The Teachings of Salaam by YULIA GLICH

ISRAEL — I was 10 years old when my parents took me to a celebration of Israel’s 50th Anniversary. I saw men and women dancing and singing, inviting the audience in a small Russian town to rejoice with them. I remember being startled. I was always told that Israel was an ancient nation. I read about what happened there thousands years ago in history books, novels, and in the Bible. How can it be 50 years young? My parents couldn’t or didn’t want to explain.

I was 12 when a group of neo-Nazis was following me on the street yelling racial slurs and threats. I ran home and was scared to leave the house. I did not want to tell my family what happened but I also did not understand why they picked me to harass. I never announced in public that I was Jewish. How could they know, I thought. How could they know?

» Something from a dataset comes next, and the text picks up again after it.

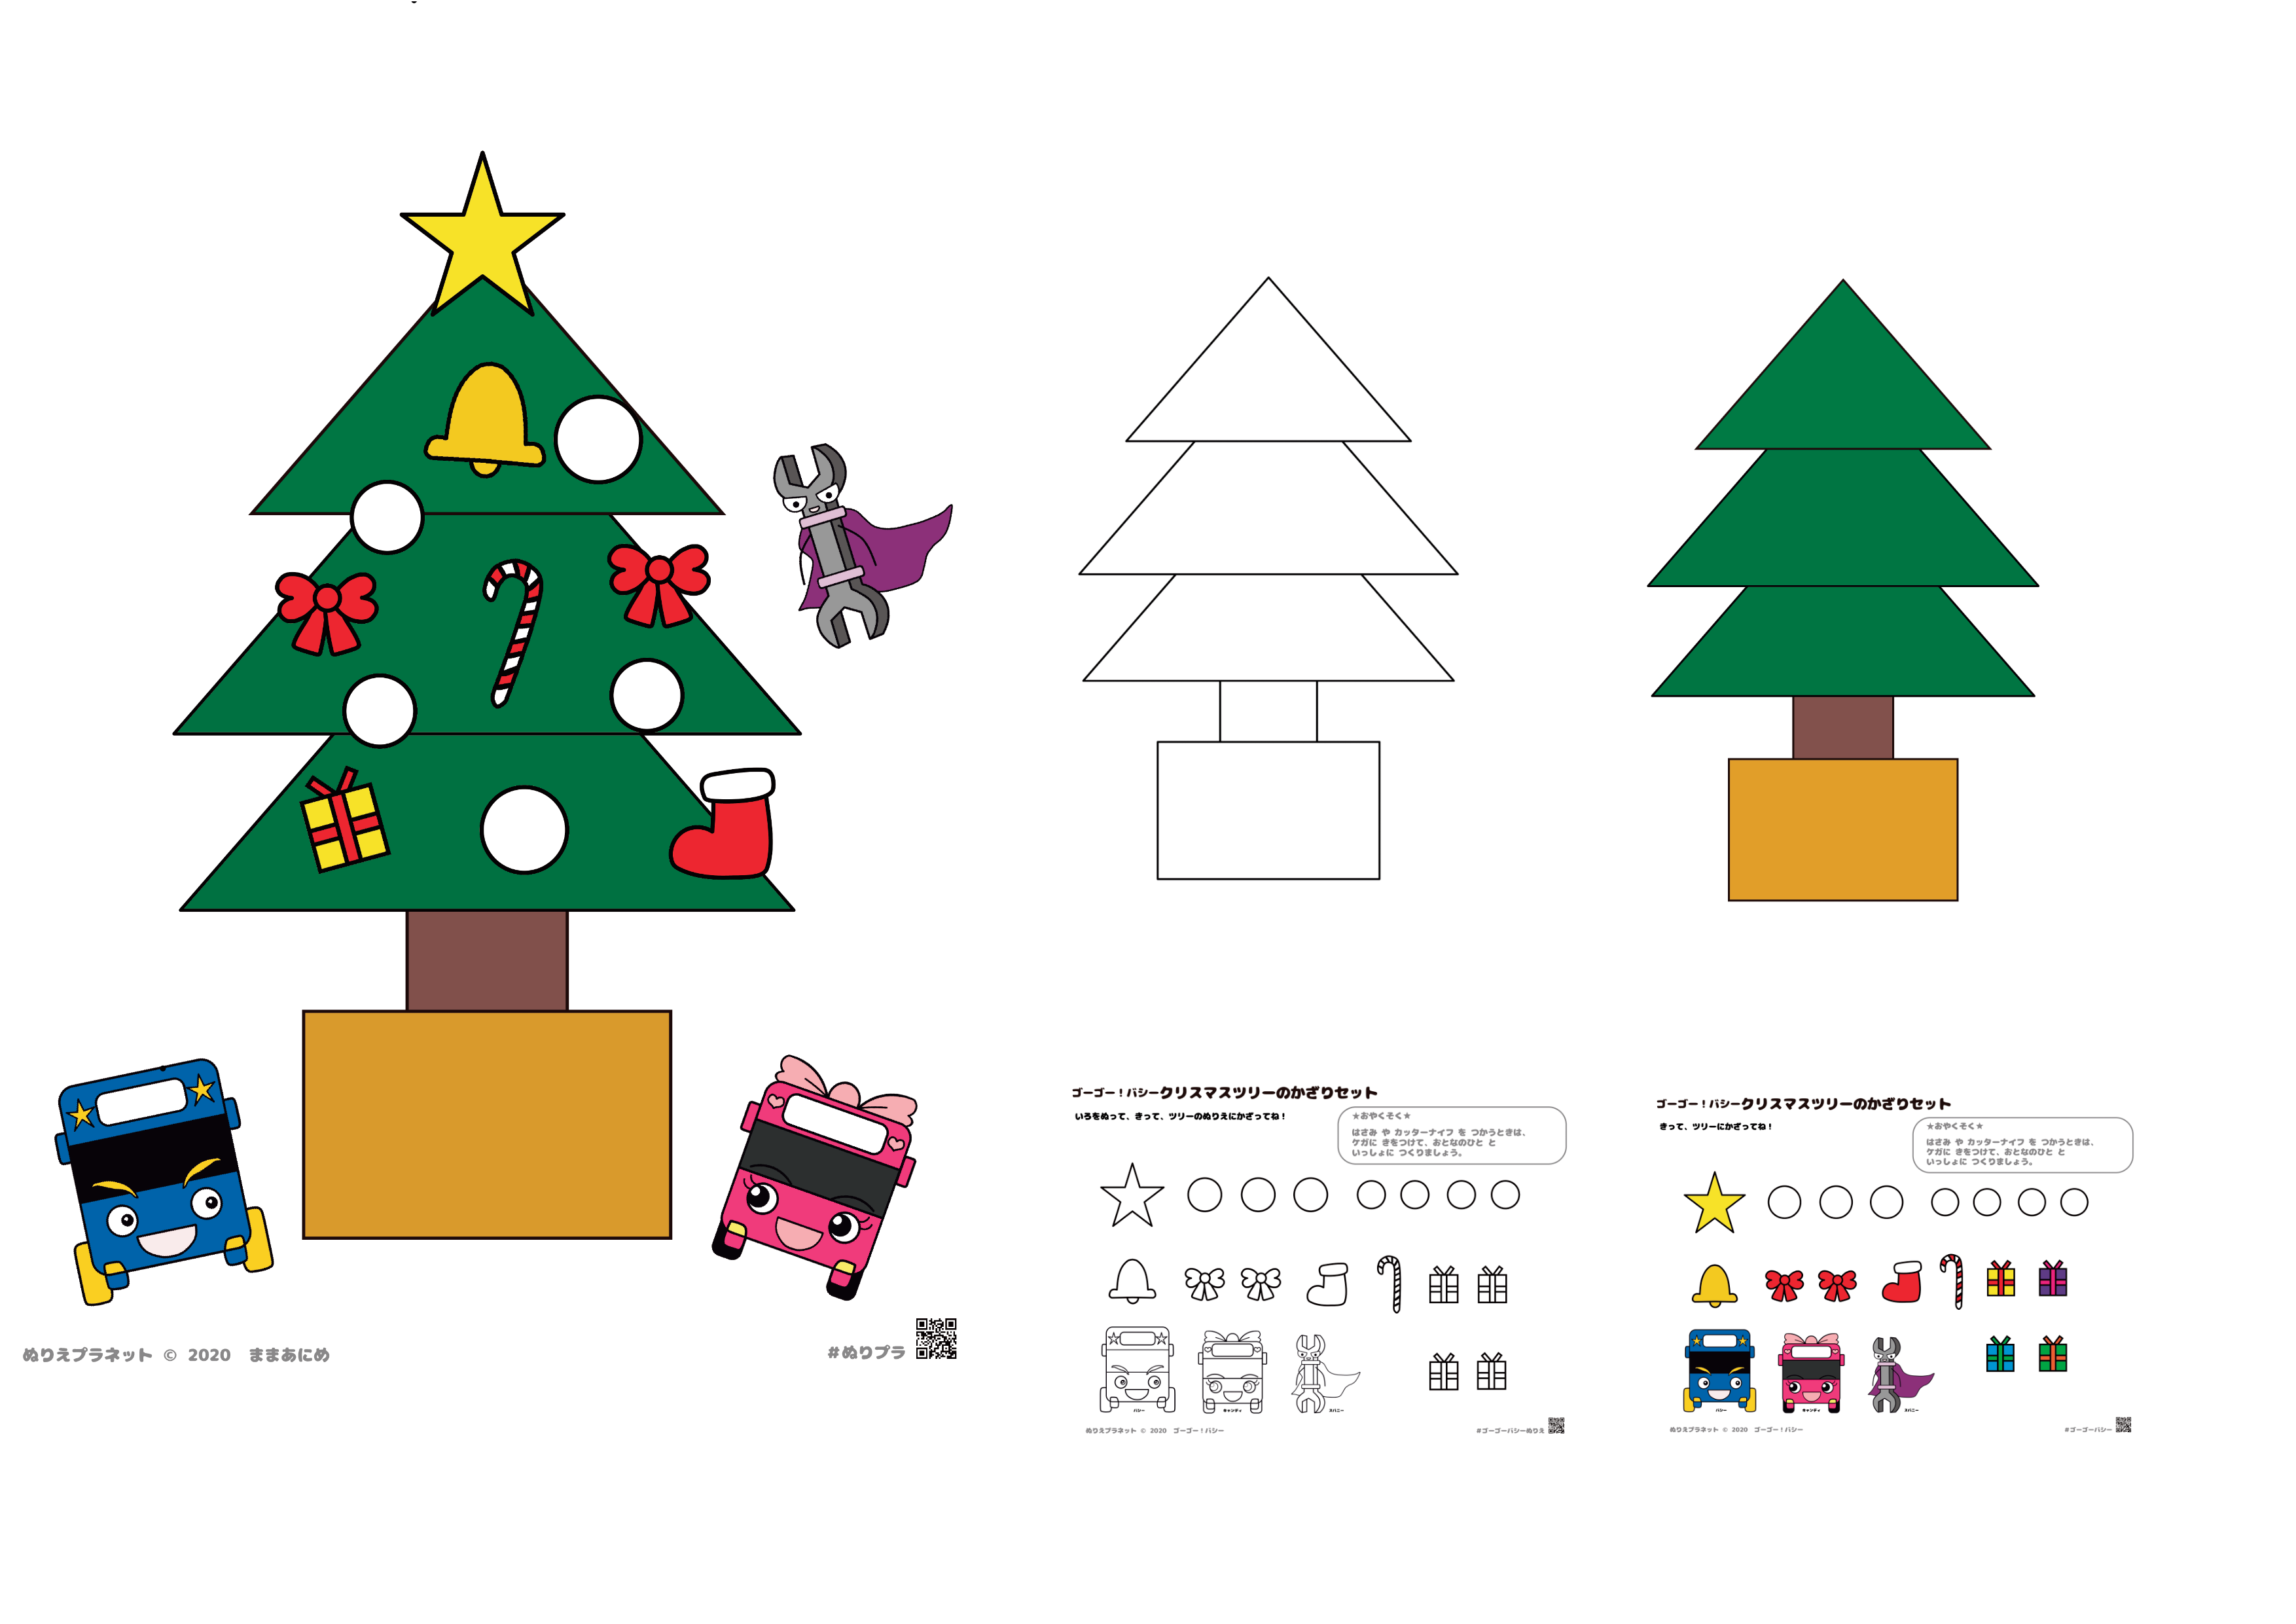 クリスマスツリーのアイキャッチ用画像です。

After college, I moved to Israel and applied for a citizenship there. Not because I had strong Zionist inclinations, but because I felt confined by the political regime in Russia. It wasn’t just anti-semitism, but also my career that was constantly bothering me. I wanted to be a journalist but all major media outlets were government owned, heavily censored, and strictly controlled. I didn’t feel free in my country and I had an option to escape so I took it.

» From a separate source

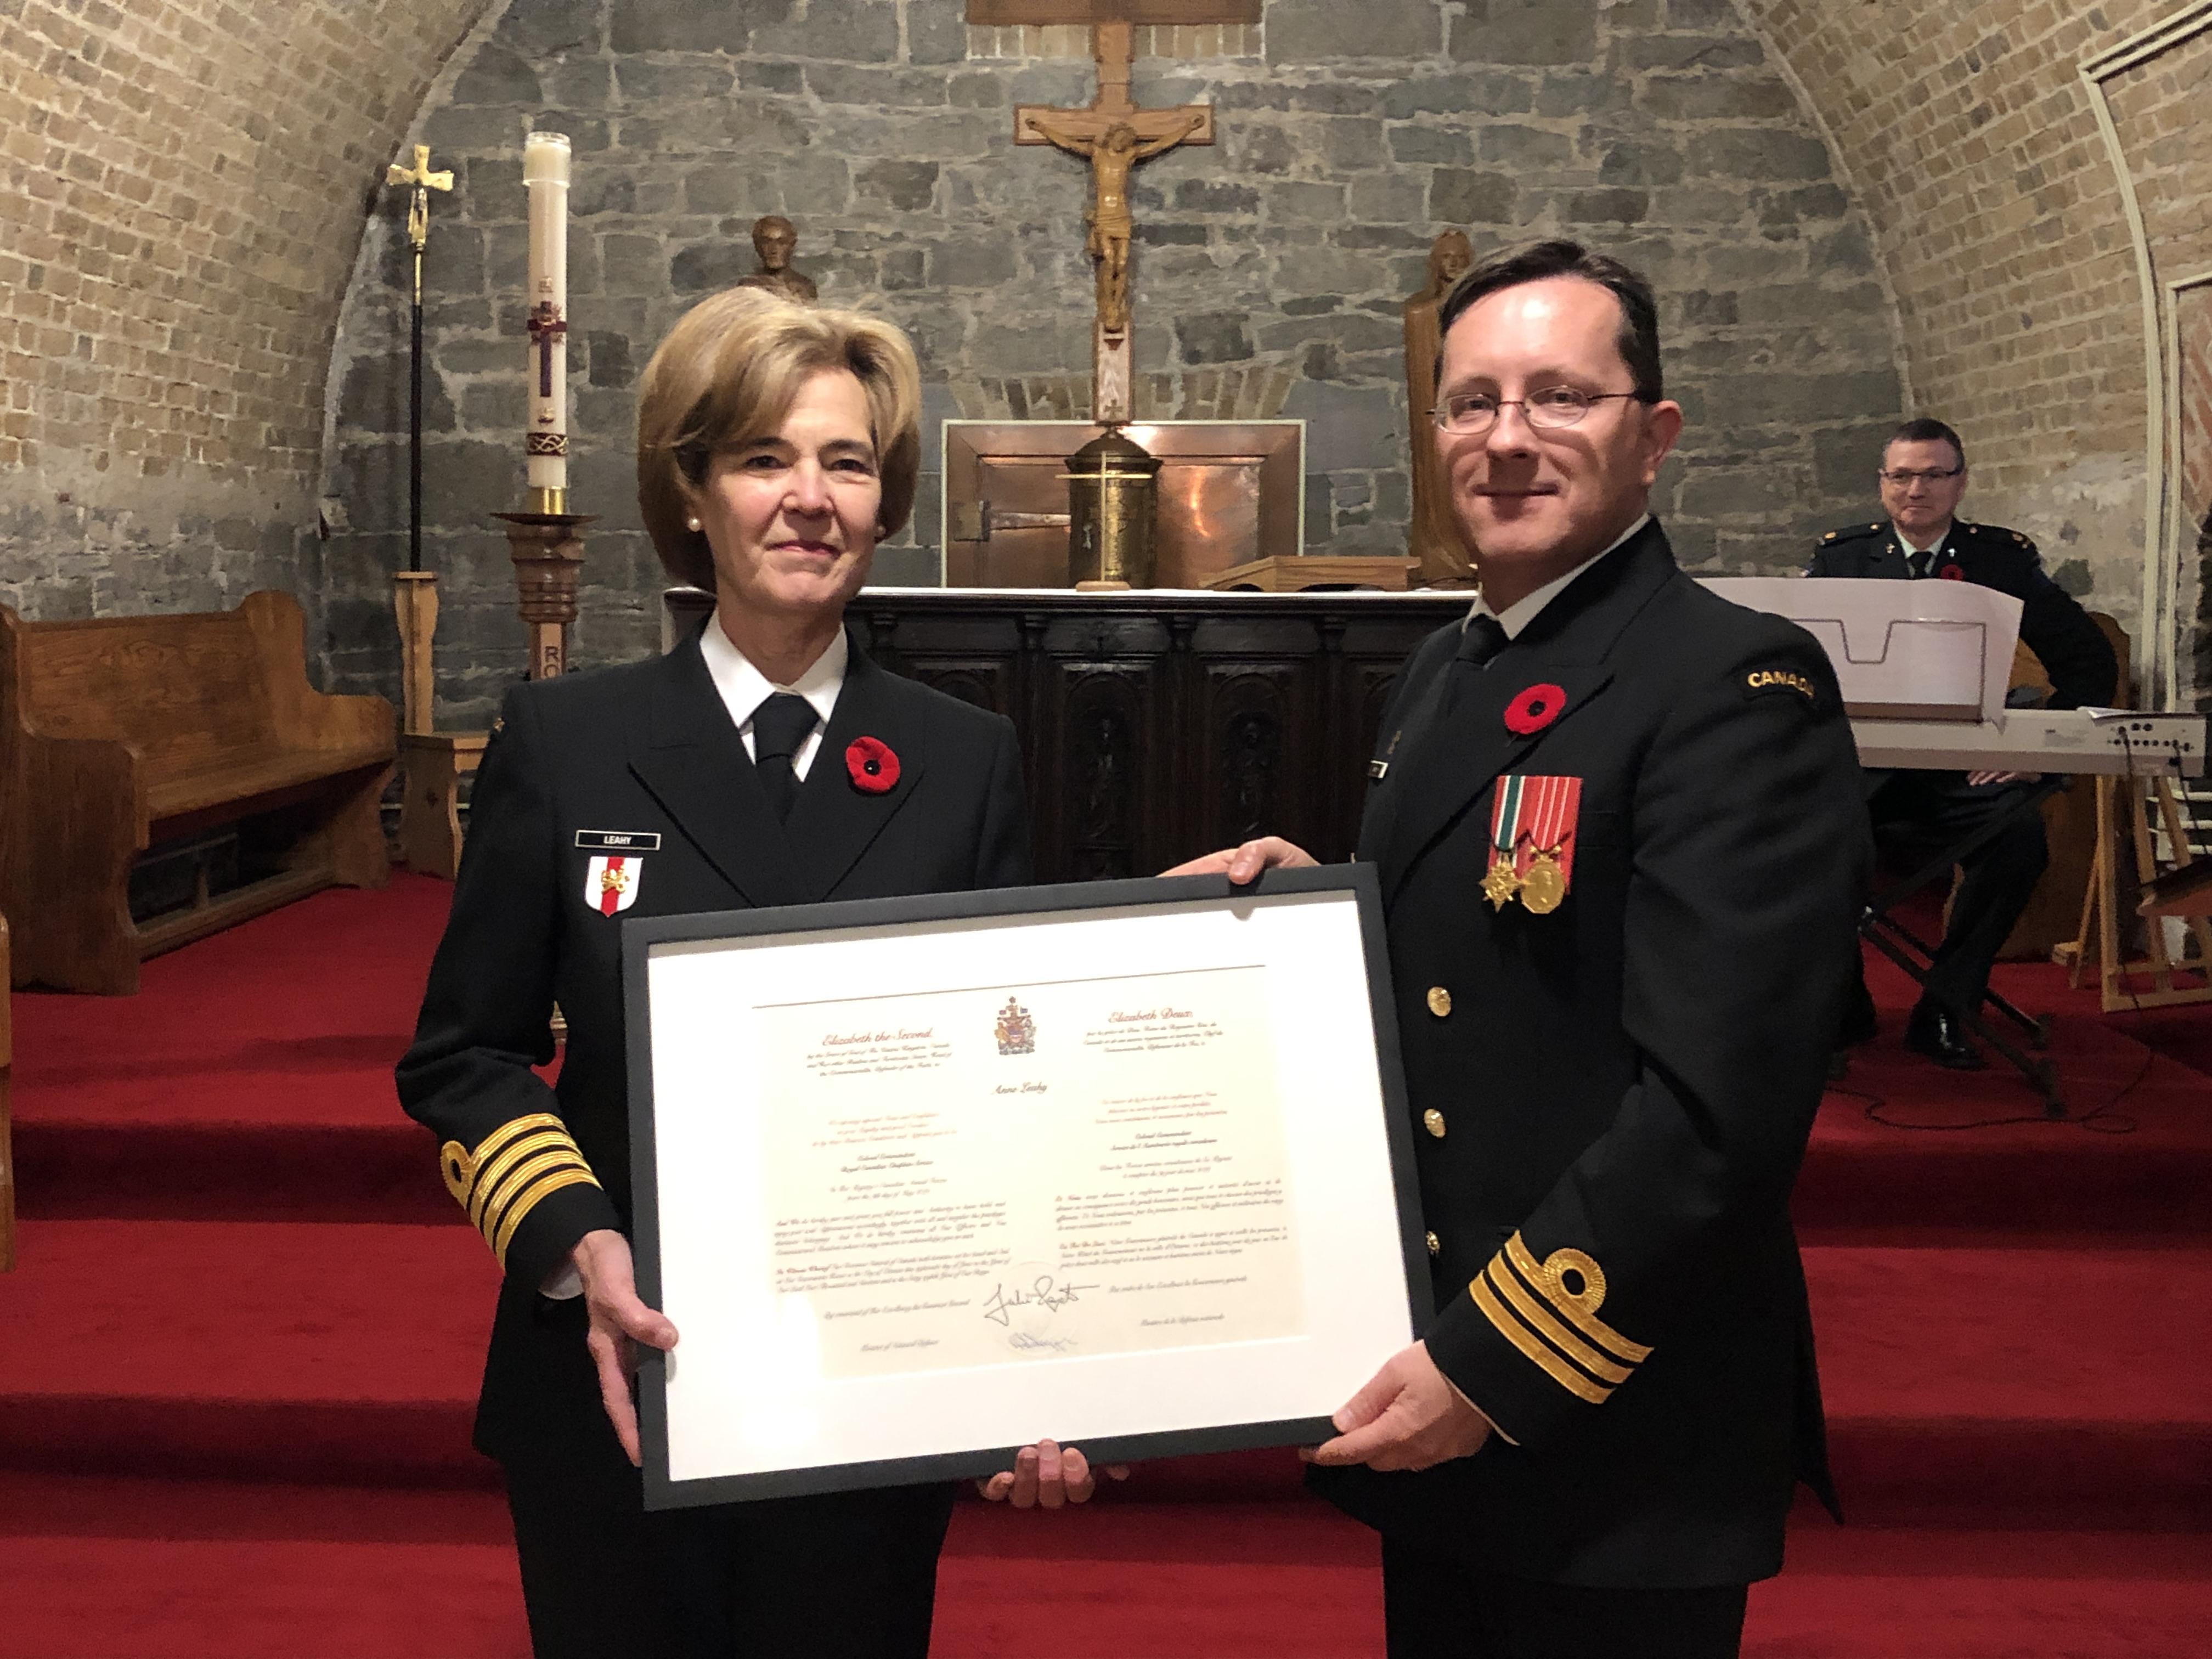 Félicitations à MmeAnne Leahy, fellow de l'IEIM, pour sa nomination au poste de colonel commandant du Service de l'Aumônerie royale canadienne

At the time it never occurred to me how much privilege I had and how easy I had it. I was allowed to vote, work, and move freely in a country I just moved to, while Palestinians who were born there were denied many if not all of those things.

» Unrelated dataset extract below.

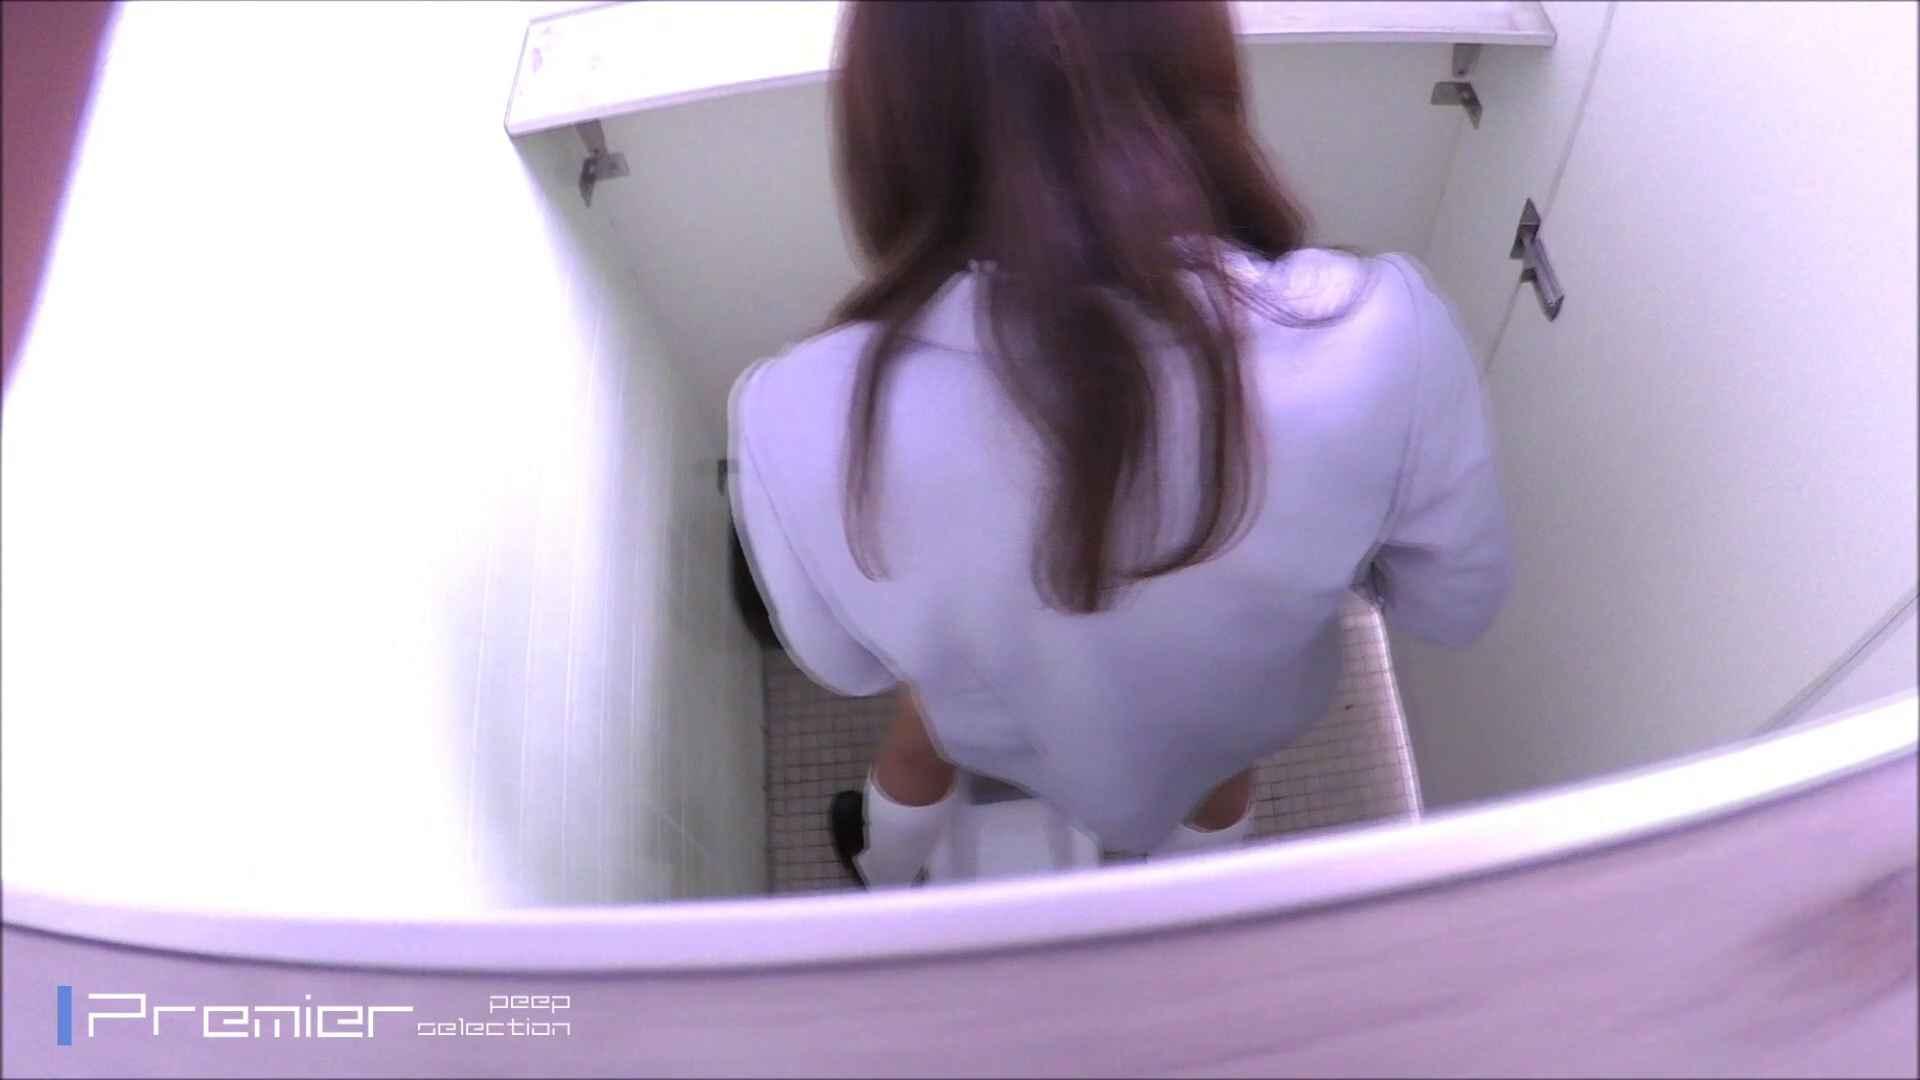 FHD激カワ!激やば! 復讐のトイレ盗撮 Vol.03 トイレ中 | 盗撮エロすぎ  78連発 6

It wasn’t until a few years later, when I moved to the United States, that I made my first Palestinian friend. Her name was Salaam and we had a lot in common. We both liked to travel, we were the same age, but what was strikingly different was our experience in Israel-Palestine. I remember talking with her about Israel’s Independence day and that weird celebration that I didn’t understand when I was 10. She explained that the same day is commemorated as Nakba, the day of the catastrophe for Palestinians. It was then when I realized that my happiness and comfort in Israel was at her expense. I was given the homeland that was taken from her and her family. She never blamed me for anything but I felt this immense guilt.

It took me moving to Israel and moving away to begin to learn and try to comprehend the complex histories of Israel-Palestine, to meet Palestinians and learn their stories, and to question the history I was taught.